__EXERCISE__
From the first line to the last, give the material again exactly, without the images.

__SOURCE DATA__
------
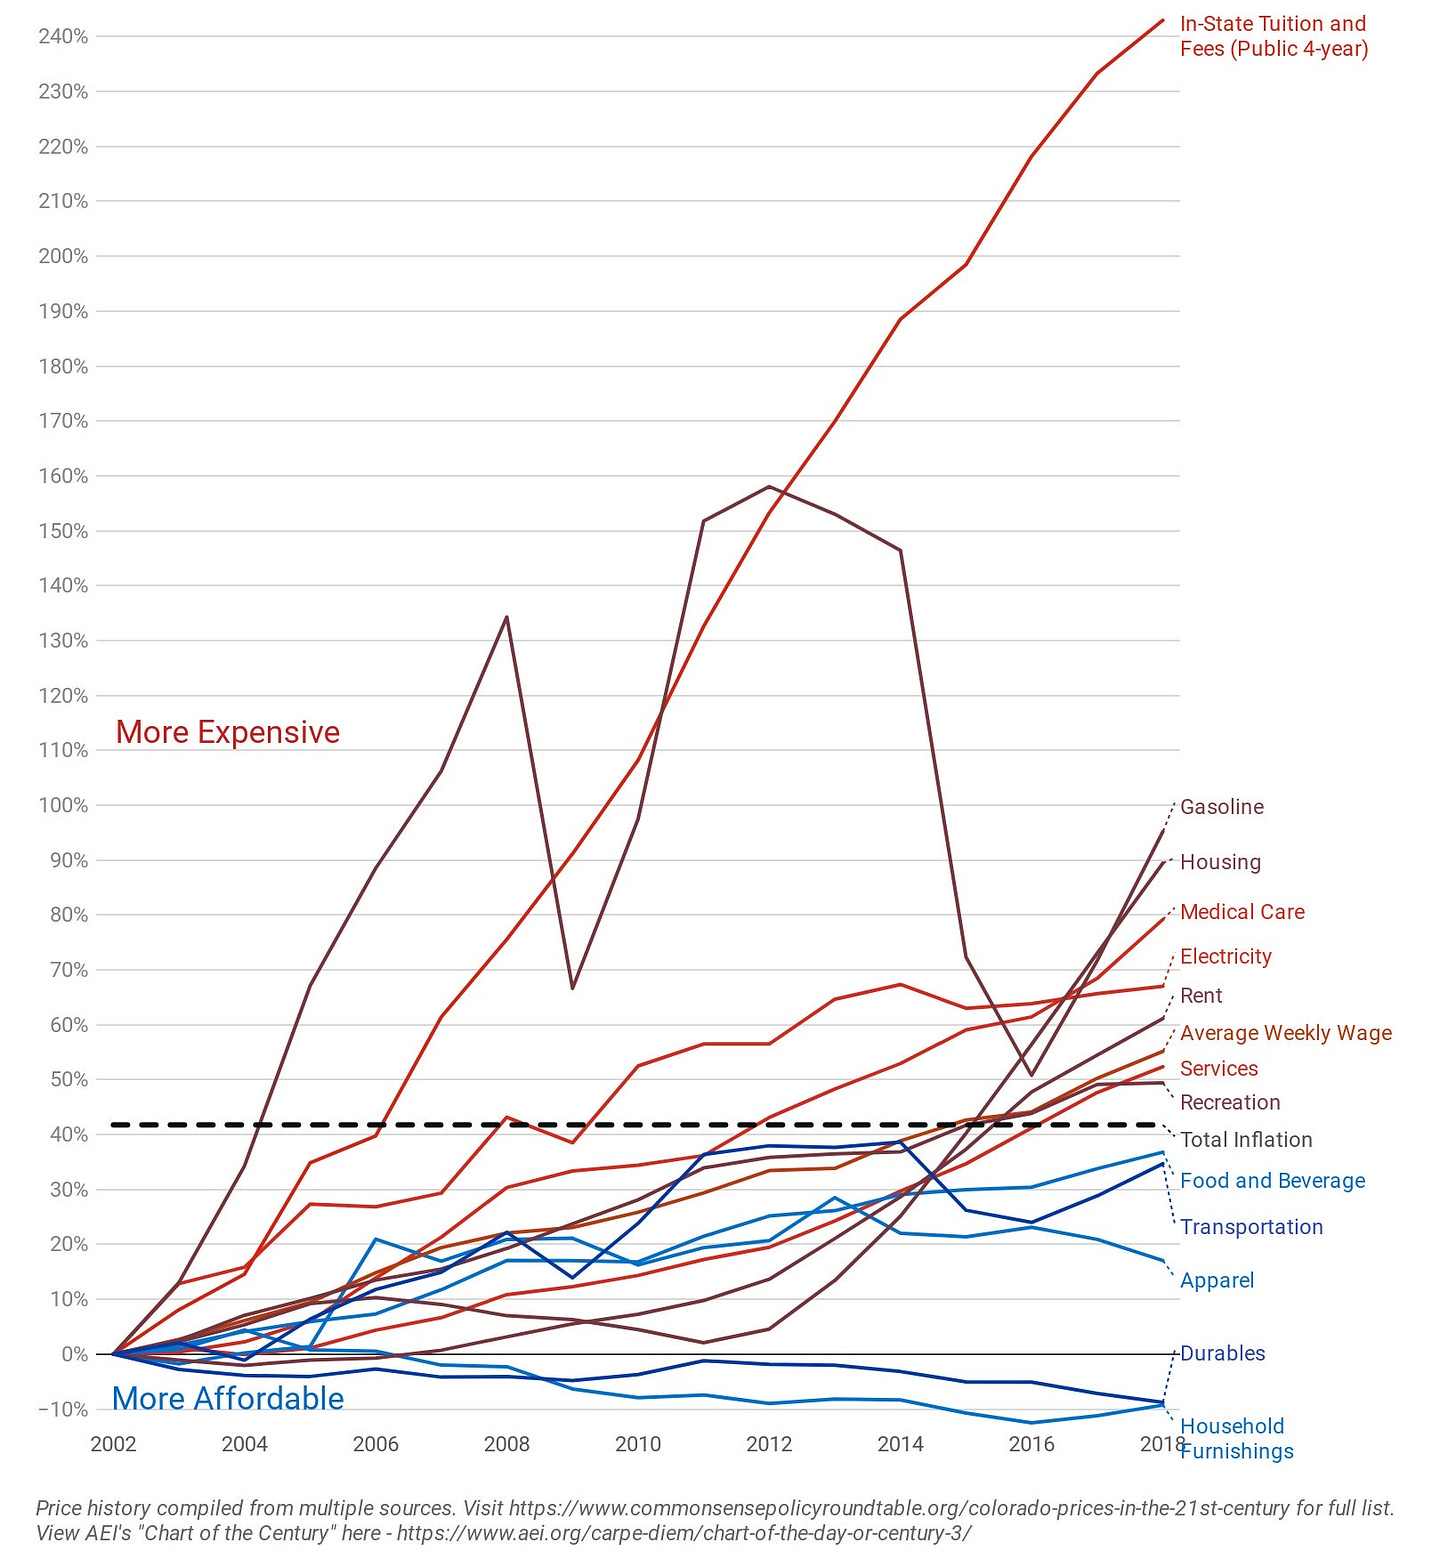 Tuition has skyrocketed far faster than inflation.
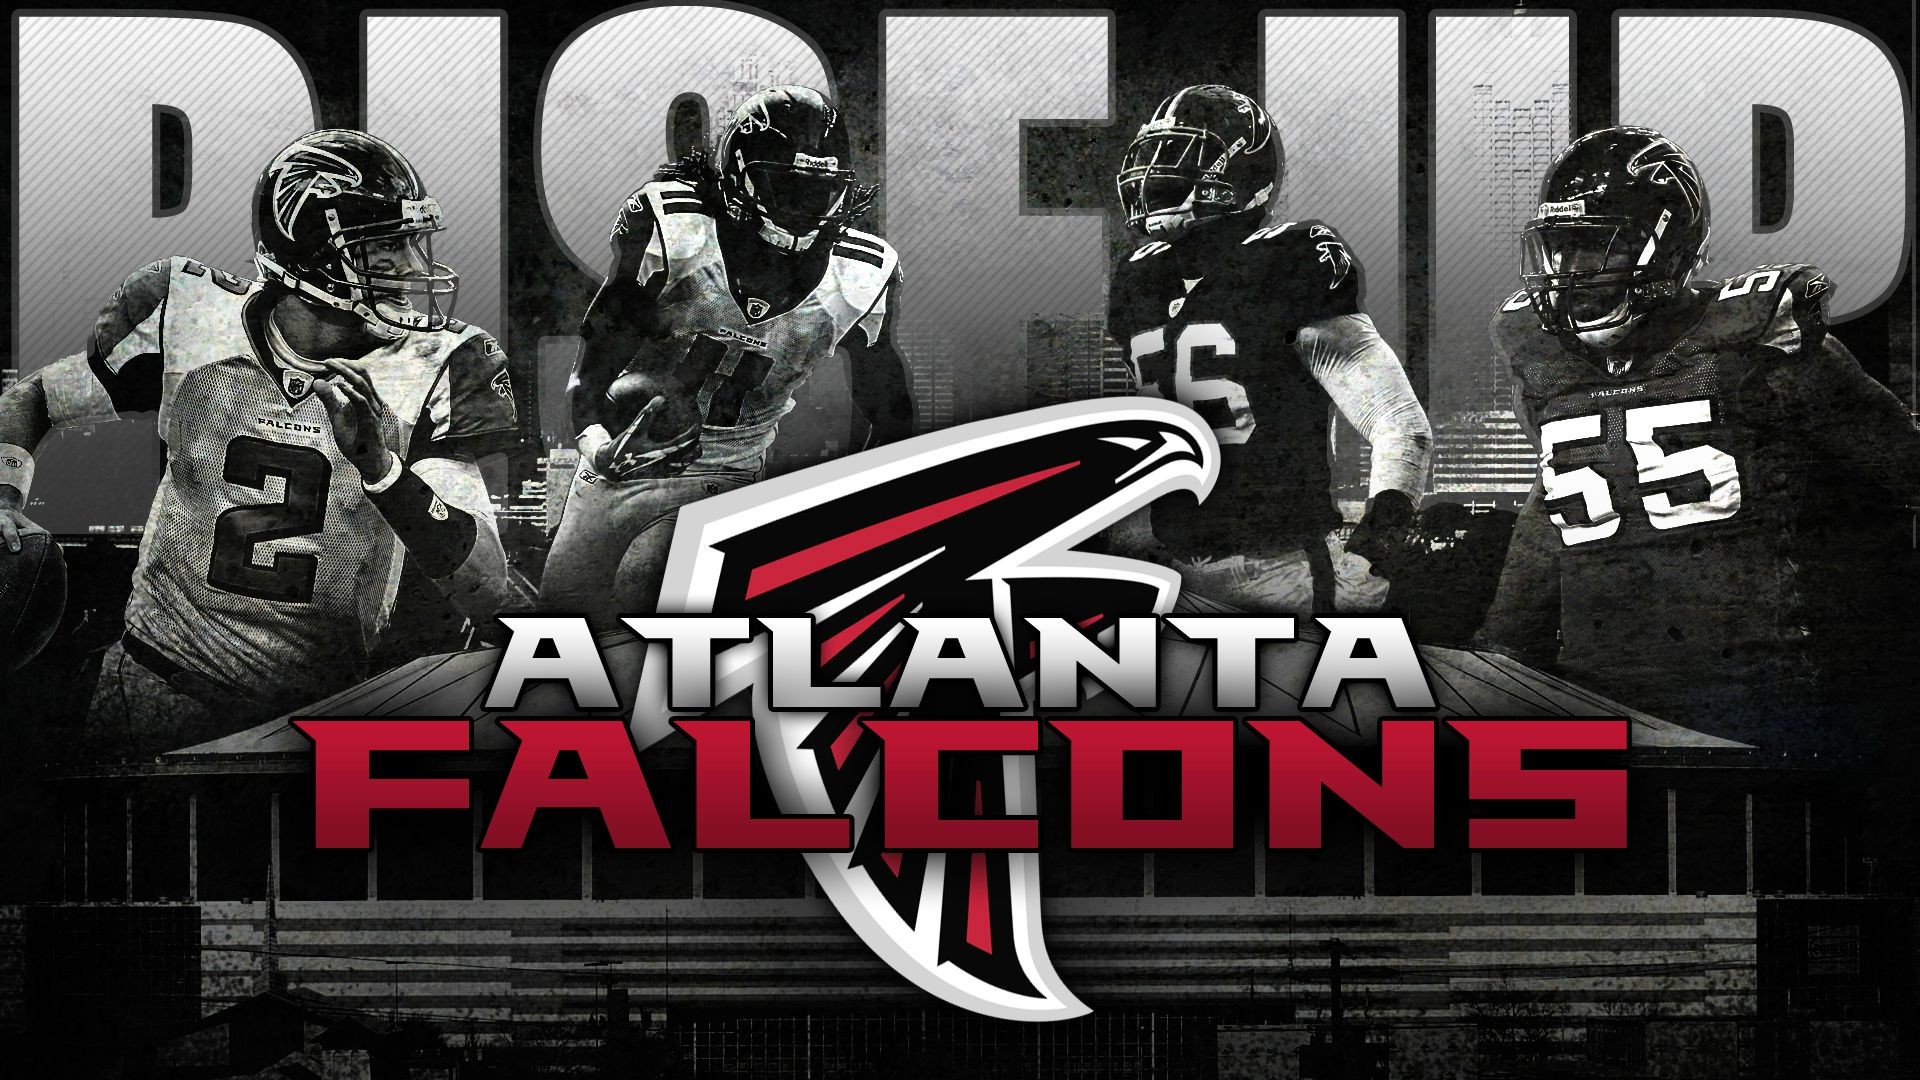 RISE UP FALCONS wallpaper i made for the playoffs. – Imgur
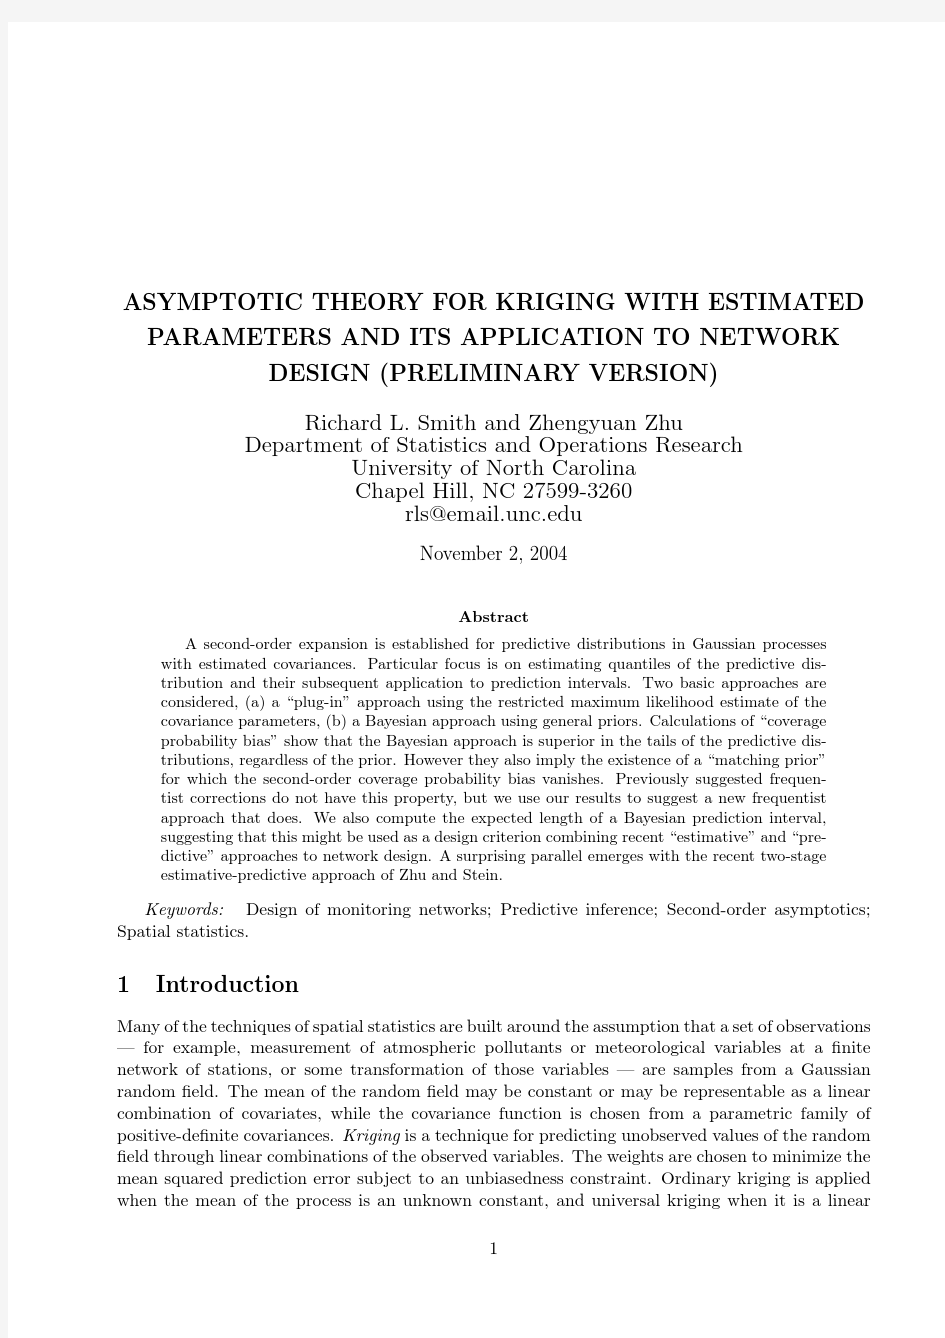 Asymptotic theory for kriging with estimated parameters and its application to network desi
------
__TASK ANSWER__
 Tuition has skyrocketed far faster than inflation.
 RISE UP FALCONS wallpaper i made for the playoffs. – Imgur
 Asymptotic theory for kriging with estimated parameters and its application to network desi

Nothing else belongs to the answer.